Out of curiosity (and perhaps practically since I have no power to  
upgrade the other machine I was using) is the buggy output always a  
transpose of the correct output?

Cheers
Chris
On Jun 28, 2007, at 5:31 PM, David Huard wrote:

> Hi Chris,
>
> It's a bug alright, but I believe it has been fixed. What version  
> of numpy are you using? If you're not using the latest release,  
> please try it out and see if it still bugs. The bug had to do with  
> the reordering of the flattened array into a N-D array, which is  
> bin length dependent.
>
> Cheers,
> David
>
> 2007/6/28, Chris Lee <c.j.lee@tnw.utwente.nl>:
> Hi David,
>
> histrogramdd does exactly what I want and seems to be fast enough.

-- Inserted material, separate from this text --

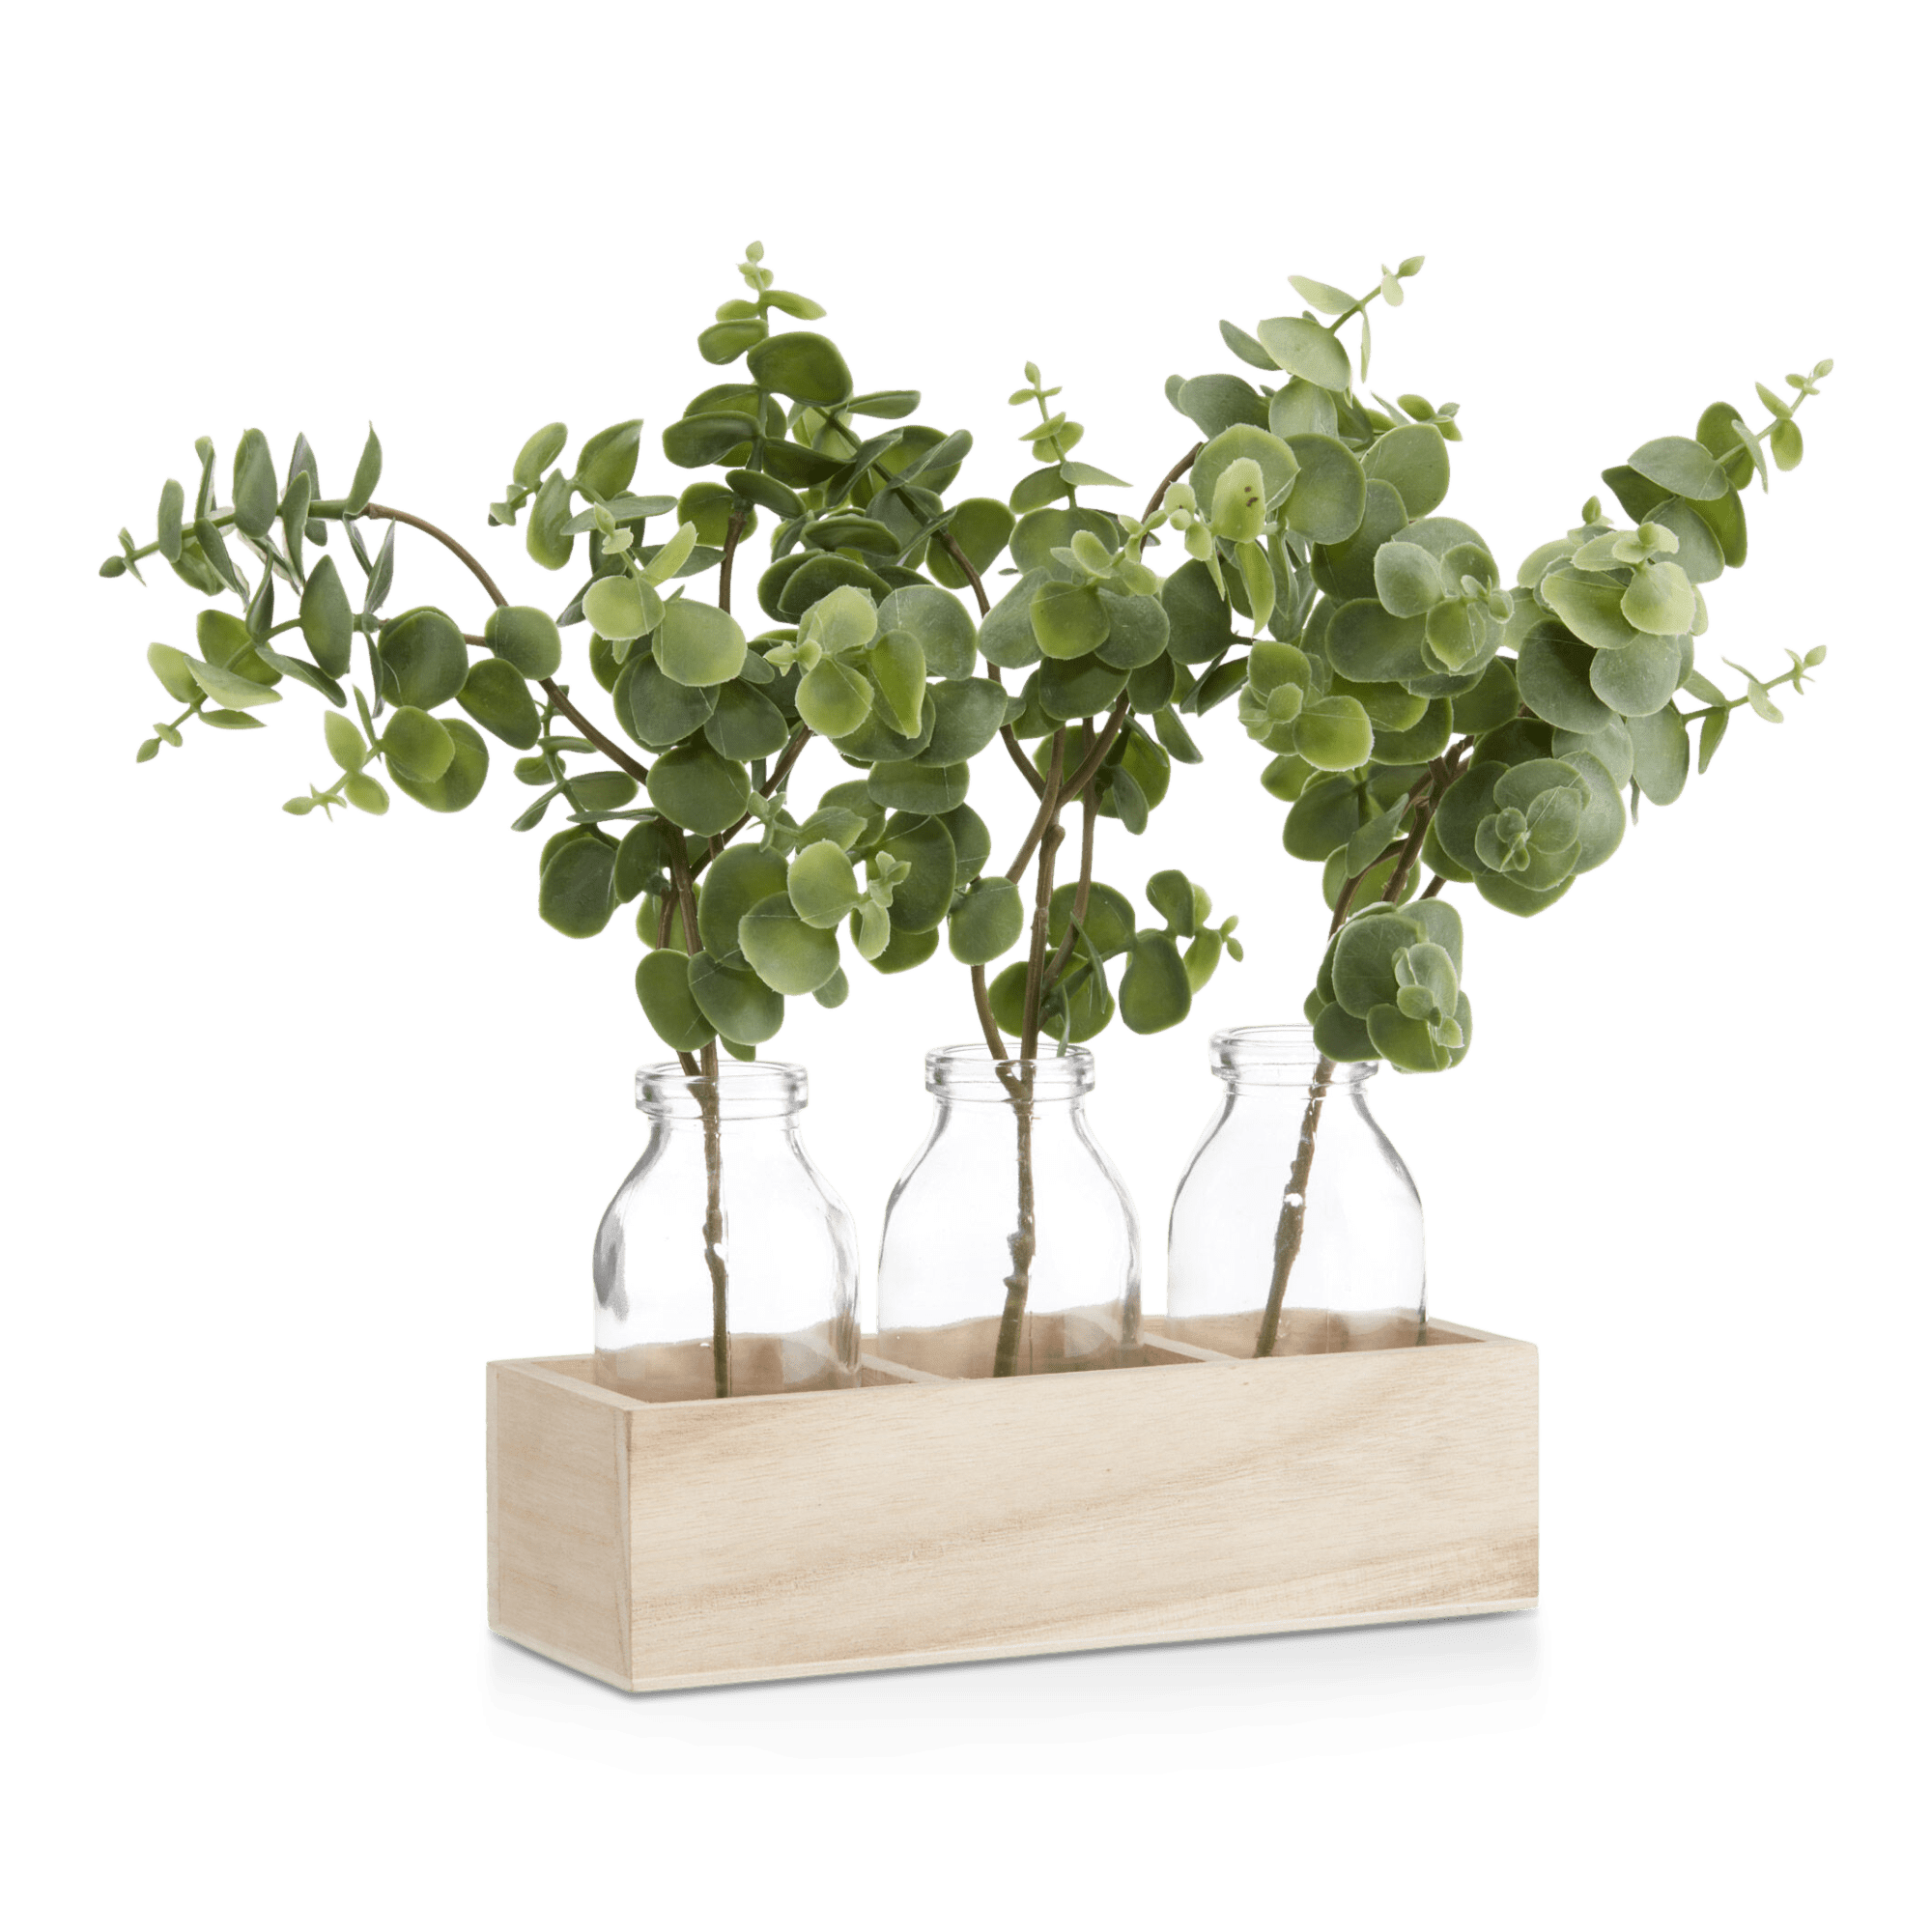 3 Eucalyptus Plants in Natural Wooden Box

> However, I think it may have an irregular bug
>
> if I have some data with a shape (x,4) where x varies from call to  
> call
> and I specify 4 bin numbers bins=(binx, biny, binz, bint) and then  
> call
>
> hist, edges = histrogramdd(data, bins=(binx, biny, binz, bint)))
>
> then most of the time hist will have the shape (binx, biny, binz,  
> bint)
> but sometimes it will return a different shape e.g., (bint, binz,  
> biny,
> binx) and the edges array order will be different again e.g., (x,  
> y, t,
> z).
>
> Here is the chunk of code that generates this (with appropriate an
> appropriate non null data of course)
>
> densityHistogram, edges = numpy.histogramdd(data,
> bins=(xBins,yBins,zBins,tBins))
> print densityHistogram.shape
> SHGPhotons = n.asarray(densityHistogram*0.01, n.int32)
> totalPhotons = SHGPhotons.sum()
> print SHGPhotons.shape
> if totalPhotons>0:
>     idxSHG = n.nonzero(SHGPhotons)
>     #print idxSHG
>     xEdges = edges[0]
>     yEdges = edges[1]
>     zEdges = edges[2]
>     tEdges = edges[3]
>     #print zEdges
>     print xEdges.shape, yEdges.shape, zEdges.shape, tEdges.shape
>
> Here is a typical (non error generating output)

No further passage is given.